Honda H, Ochiai K, Adachi E, Yasumori K, Hayashi T, Kawashima A, Fukuya T, Gibo M, Matsumata T, Tsuneyoshi M
Department of Radiology, Faculty of Medicine, Kyushu University, Fukuoka, Japan.
Radiology. 1993 Dec;189(3):857-62. doi: 10.1148/radiology.189.3.8234716.
To elucidate the causes of various enhancement patterns of hepatocellular carcinomas (HCCs).
Computed tomographic (CT) scans of 68 surgically resected HCCs (62 patients) were obtained 45 seconds and 6 minutes after administration of contrast material. These scans were compared with angiographic and histopathologic findings.
On the early images, 24 HCCs (35%) were hypoattenuating, 33 were totally or partially hyperattenuating (48%), and 11 were isoattenuating (16%) compared to adjacent liver. On the delayed images, 55 HCCs (81%) were hypoattenuating and 13 (19%) were isoattenuating. Twenty-nine of the 48 very hypervascular or hypervascular tumors (60%) were hyperattenuating or partially hyperattenuating at early CT. Sixteen of the 20 slightly hypervascular or hypovascular tumors (80%) were isoattenuating or hypoattenuating.
Although there was relatively good agreement between tumor vascularity and enhancement pattern (60% correlation for hypervascular tumors, 80% correlation for hypovascular tumors), hyperattenuation of the large HCCs (> or = 5 cm) at CT appeared to be a function of dilated sinusoids within the tumor (peliotic changes) as well as vascularity. In patients with advanced cirrhosis, hypovascular HCCs could be hyperattenuating at CT.
阐明肝细胞癌(HCC)各种强化模式的原因。
对62例患者手术切除的68个HCC进行计算机断层扫描(CT),在注射造影剂后45秒和6分钟进行扫描。将这些扫描结果与血管造影和组织病理学结果进行比较。

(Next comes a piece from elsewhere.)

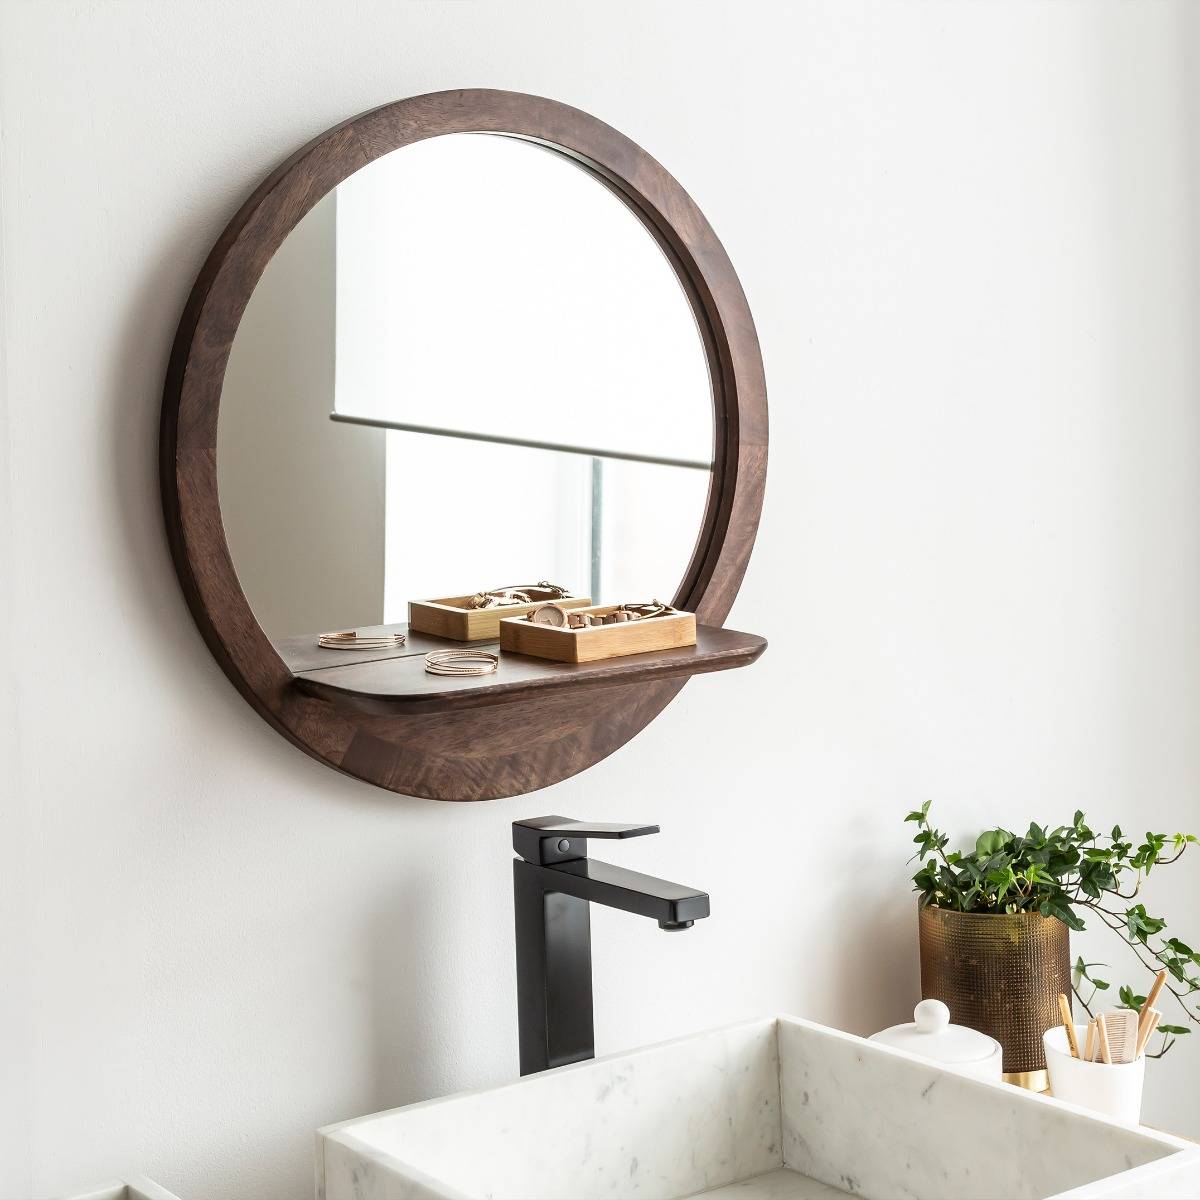 Miroir rond avec étagère en bois Marley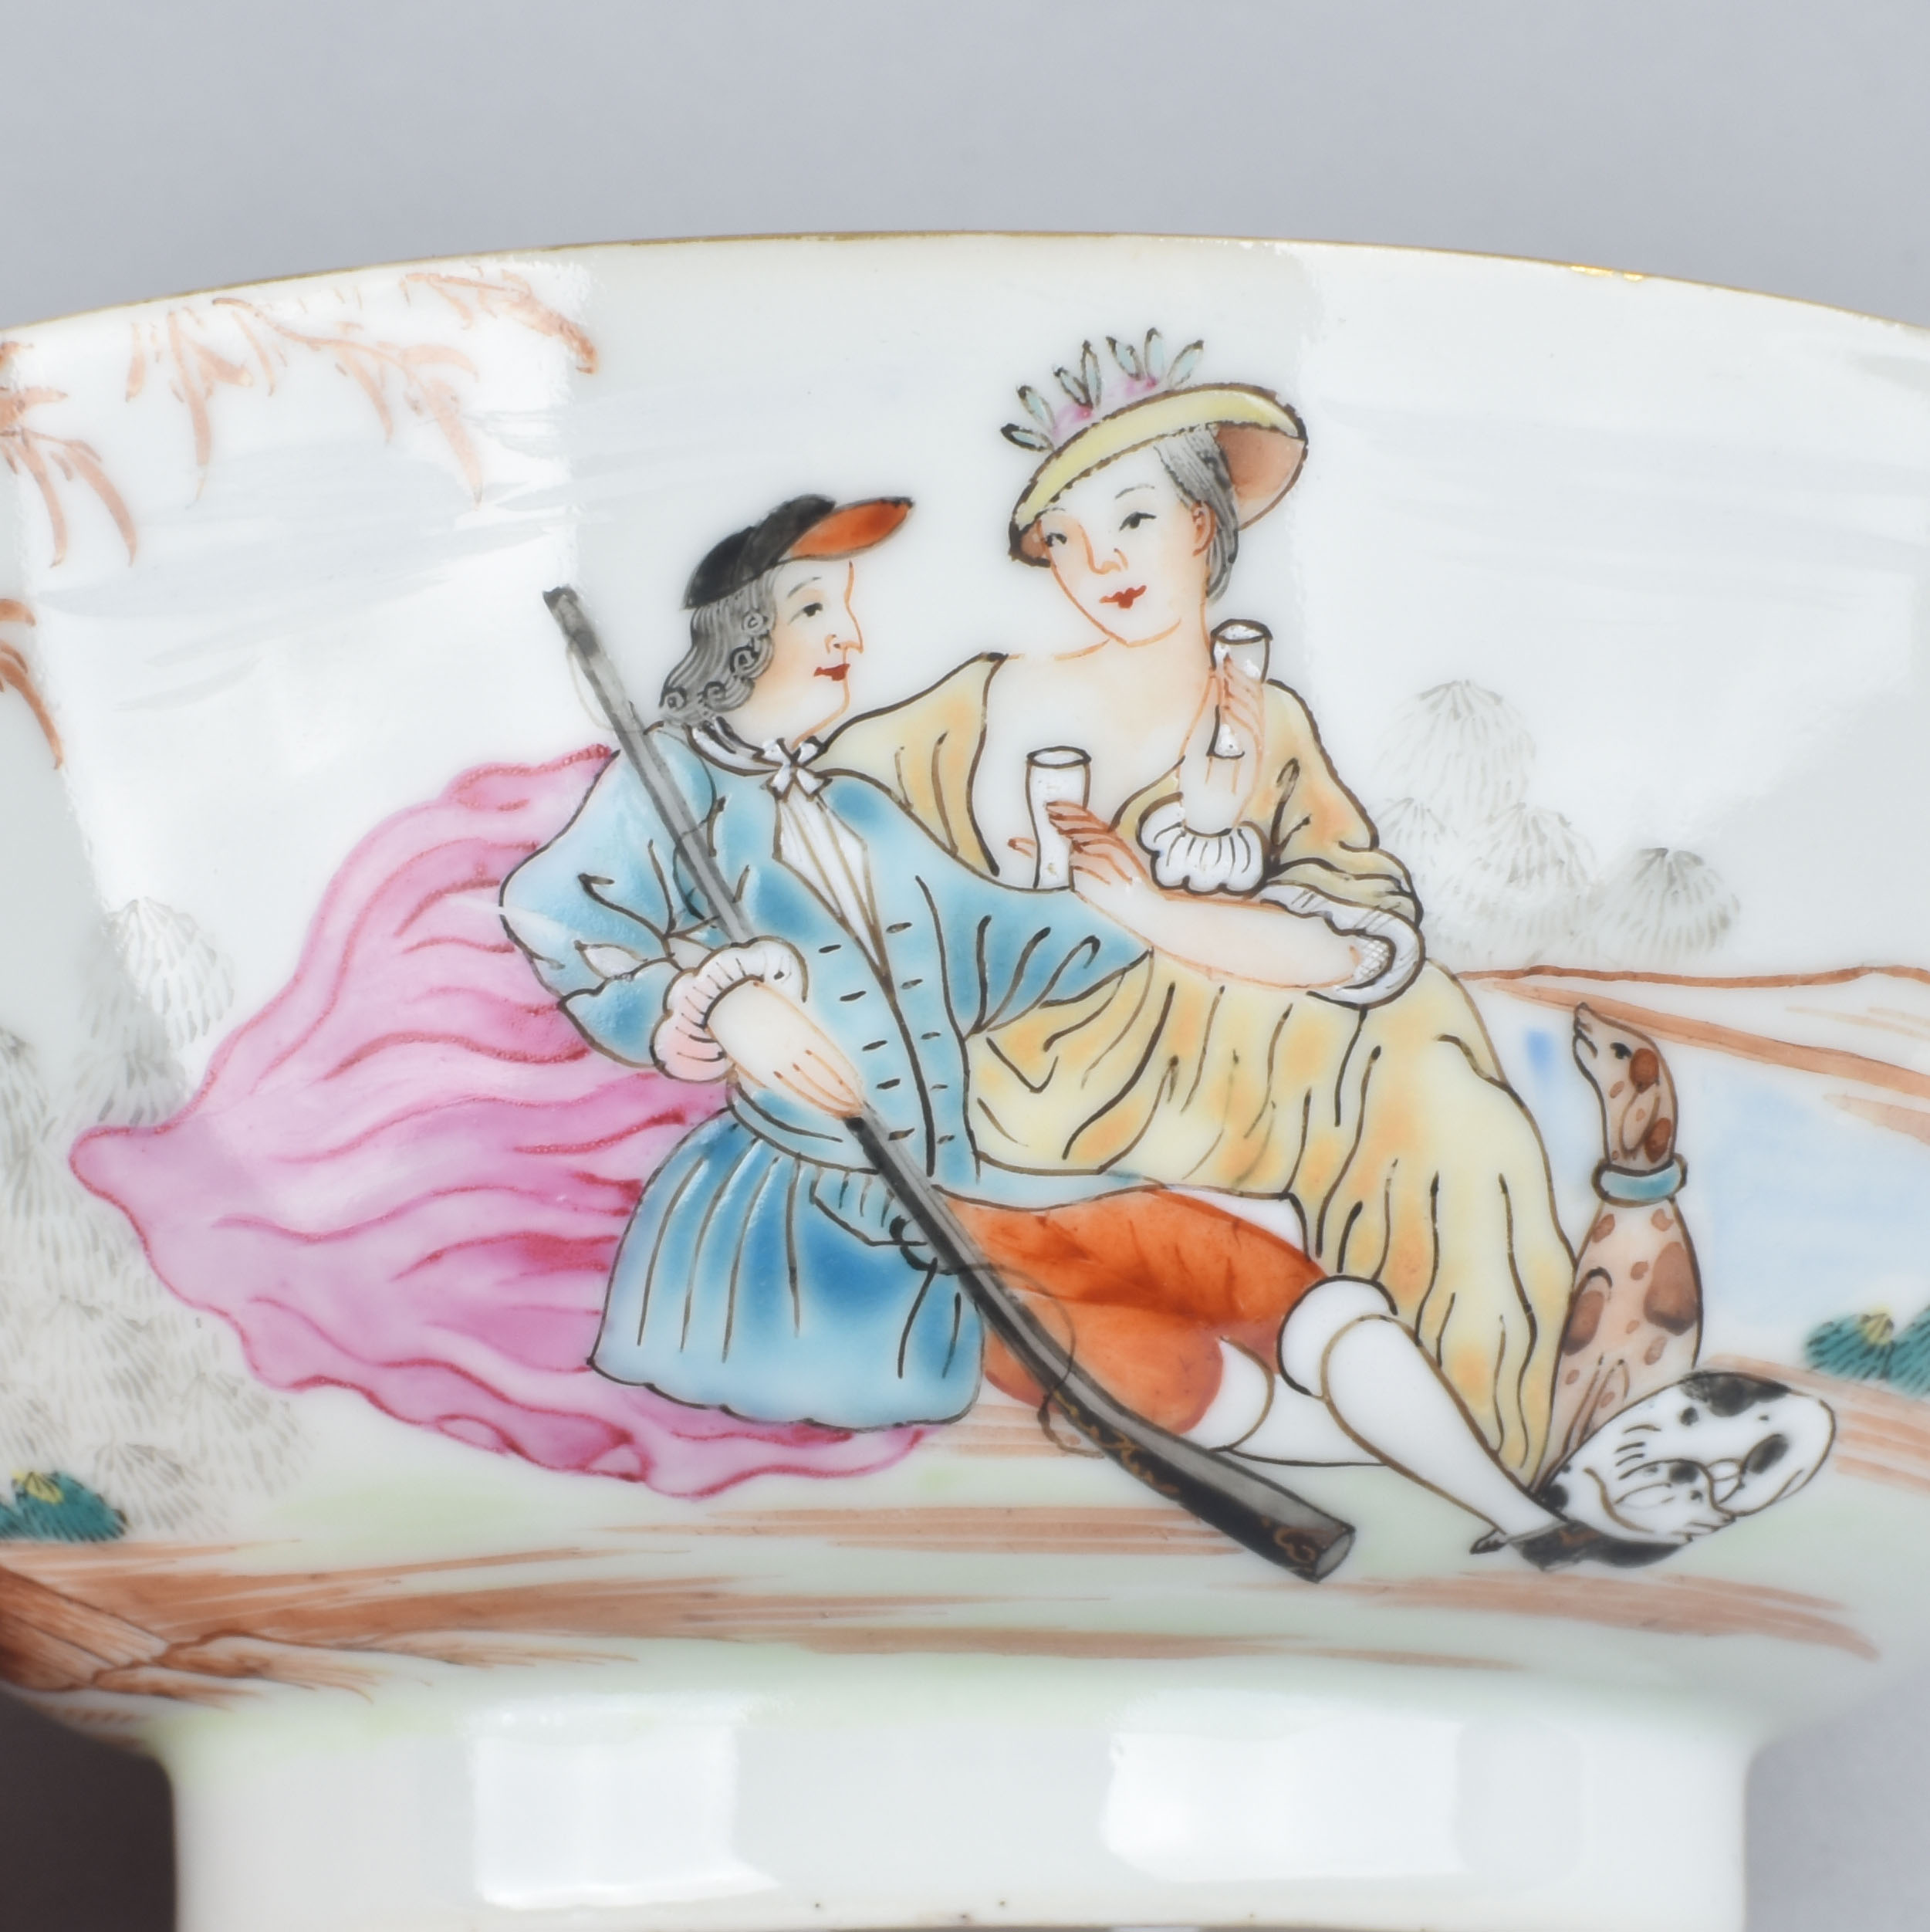 Porcelaine Qianlong (1736-1795), circa 1750, Chine

在早期图像上,与相邻肝脏相比,24个HCC(35%)呈低密度,33个呈全或部分高密度(48%),11个呈等密度(16%)。在延迟图像上,55个HCC(81%)呈低密度,13个(19%)呈等密度。48个高血供或血供丰富的肿瘤中有29个(60%)在早期CT上呈高密度或部分高密度。20个轻度血供丰富或血供不足的肿瘤中有16个(80%)呈等密度或低密度。
尽管肿瘤血管与强化模式之间存在较好的一致性(高血供肿瘤相关性为60%,低血供肿瘤相关性为80%),但CT上大的HCC(≥5 cm)呈高密度似乎是肿瘤内扩张的血窦(血池样改变)以及血管的作用。在晚期肝硬化患者中,低血供的HCC在CT上可能呈高密度。